An enzyme – linked immunosorbent assay (ELISA) method was used to detect the dibutyl phthalata (DBP) residues in white spirit. The indirect competitive ELISA revealed that the IC₅₀ was 86.5 μg/L, the standard curve range was from 0 – 1.620 μg/L. The detection limit of ELISA kit was 100 μg/L. The range of average recoveries in white spirit ranged from 91.9% – 95.4%, and the coefficients of variation ranged from 7.2% – 9.2%. The cross reactivity with diisobuthl pythalate was 45%, but had cross reactivity of less than 1% with others. This method is sensitive, accurate, convenient, and quick.

• Ultraviolet Spectrophotometry

  Ultraviolet (UV) spectrophotometry is a widely used analytical technique that exploits the absorbance of UV light by chemical substances. In the context of plasticizer detection, UV spectrophotometry can be employed to identify specific wavelengths absorbed by phthalates, providing qualitative and quantitative information. This method is appreciated for its simplicity and rapid analysis time, making it a valuable tool in preliminary assessments of plasticizer contamination.

• Capillary Electrophoresis

  Capillary electrophoresis (CE) stands out for its high-resolution separation capabilities. It separates ions based on their electrophoretic mobility using an electric field. In plasticizer analysis, CE is beneficial for its ability to handle complex mixtures with minimal sample preparation. This method’s precision and efficiency make it suitable for detecting low concentrations of plasticizers in various samples, including biofluids and environmental samples.

• Raman Spectroscopy

  Raman spectroscopy is a powerful tool that provides molecular fingerprints of substances based on inelastic scattering of light (Raman scattering). For plasticizer detection, Raman spectroscopy offers a non-destructive way to obtain detailed insights regarding the molecular structure of phthalates in a sample. Its ability to analyze without extensive sample preparation makes it especially suitable for on-site inspections and quality control processes.

• Infrared Spectroscopy (IR)

  Infrared spectroscopy is another non-destructive analytical technique used to identify organic compounds, including plasticizers, by measuring the vibrational transitions in molecules. Its application in plasticizer detection benefits from IR’s sensitivity to functional groups, such as the ester groups in phthalates. This method is valued for its versatility and rapid execution, often serving in combination with other analytical methods to confirm findings.

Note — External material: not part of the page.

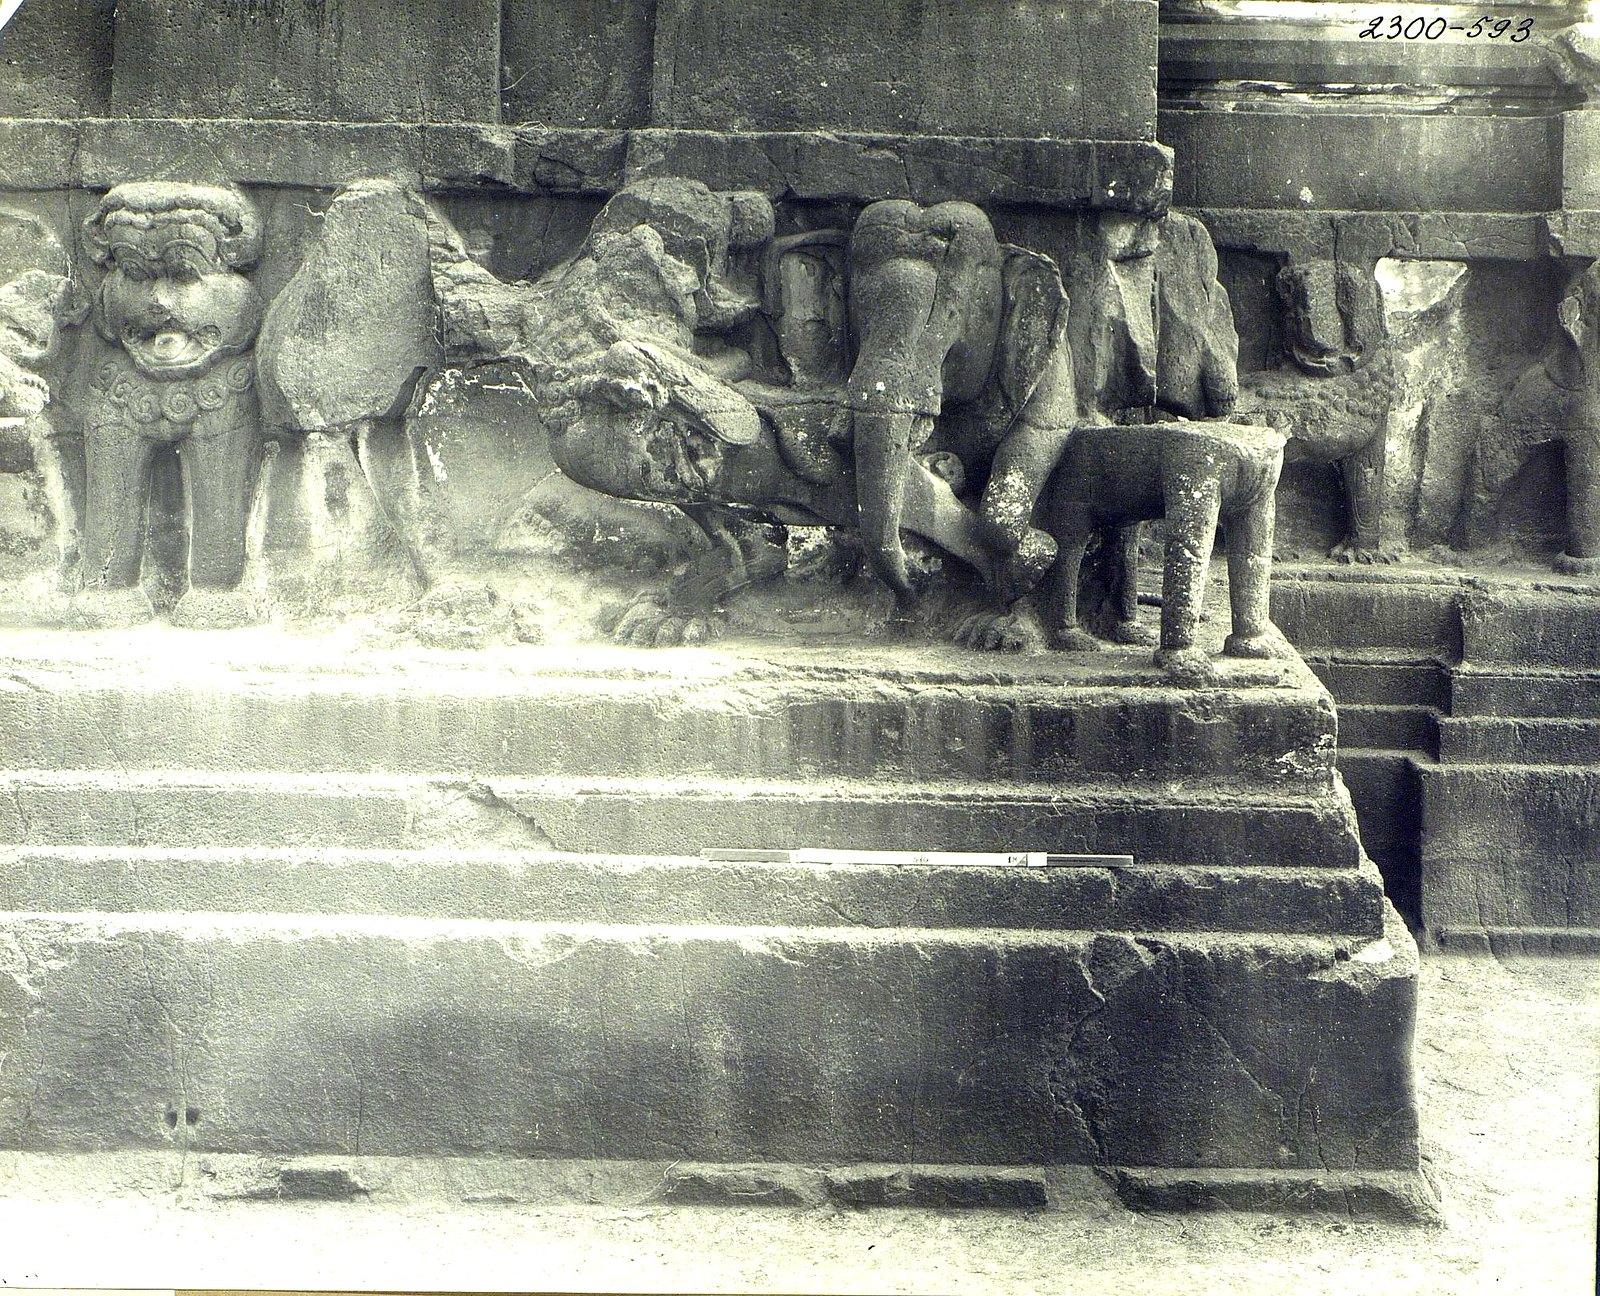 Храм Кайласа в Эллоре (деталь рельефа со слонами и львами) (21)
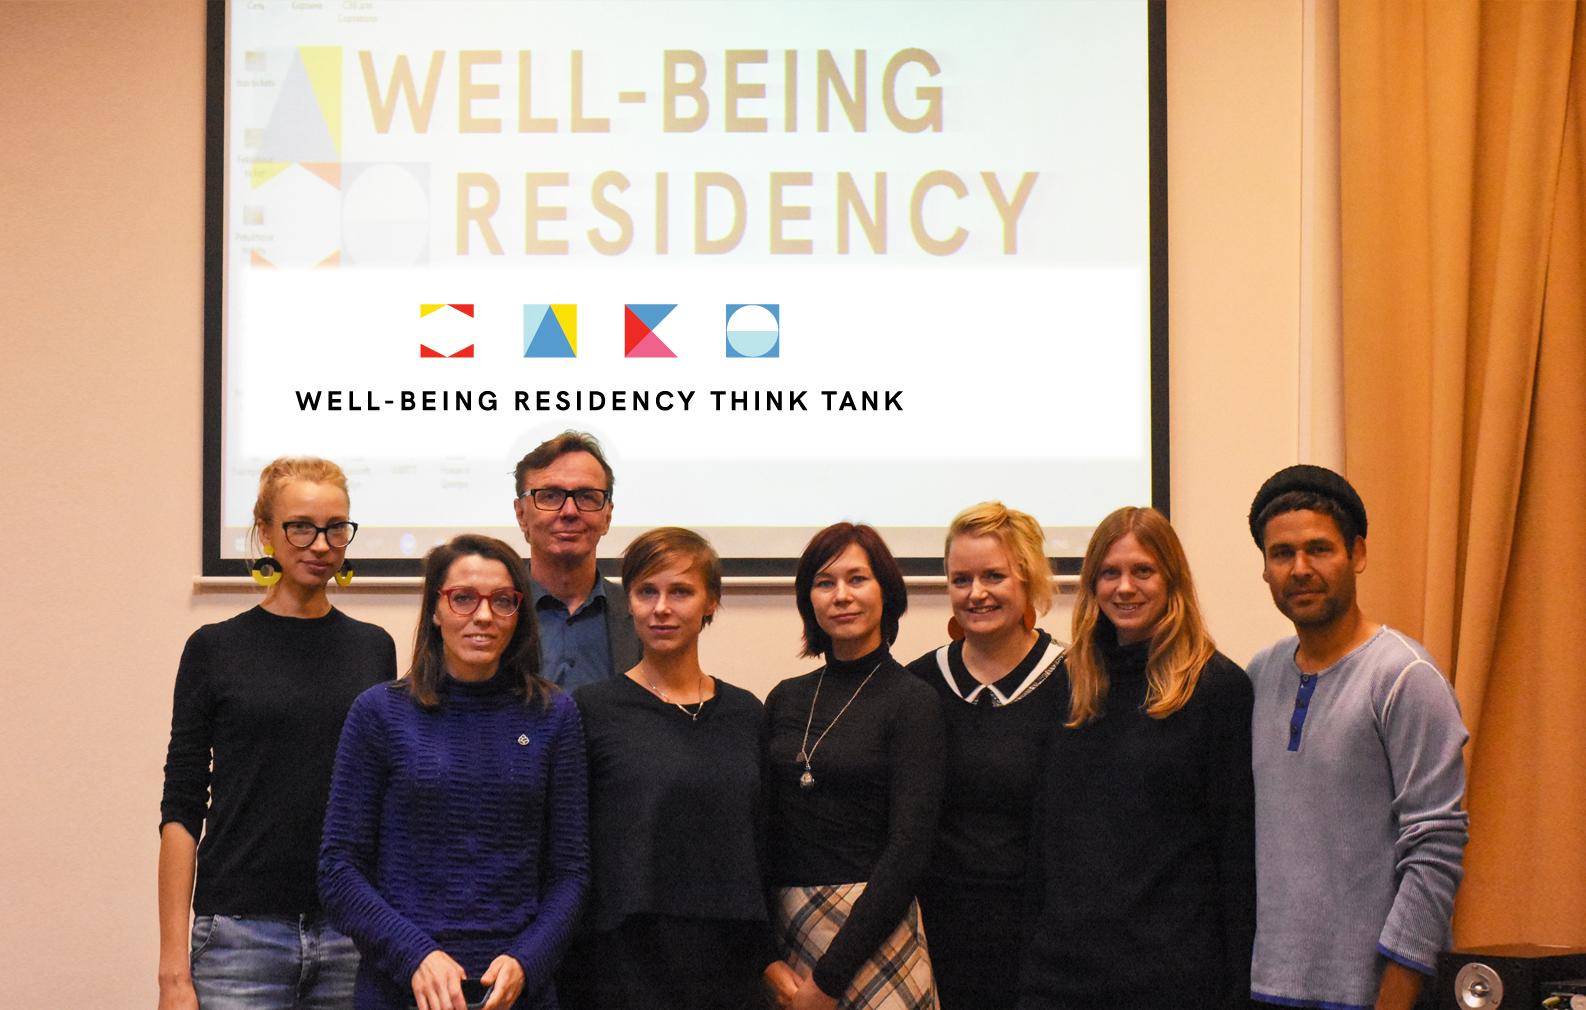 <p>Онлайн конференция «Well-being резиденции: методология и опыт» пройдет 17–21 августа 2020 года через ZOOM и Facebook. В течение одной недели, с 17 по 21 августа, художники, организаторы, представители социальных организаций и здравоохранения поделятся своим опытом социально-культурных художественных практик — well-being резиденций, в качестве заключительного события трехлетнего проекта Well-being Residency Network. […]</p>

• Nuclear Magnetic Resonance (NMR) Spectroscopy

  Although not as common as other methods, NMR spectroscopy provides detailed information on the molecular structure of compounds and can be employed to detect and characterize plasticizers. NMR is especially useful when precise structural elucidation is required, offering comprehensive insights into the chemical environment around atoms in a molecule.

Each of these methods contributes to a comprehensive suite of options for scientists and industry professionals aiming to ensure product safety and compliance with regulatory standards. By integrating multiple analytical techniques, laboratories can enhance accuracy and reliability in testing, addressing the complex challenges posed by plasticizer contamination in various matrices.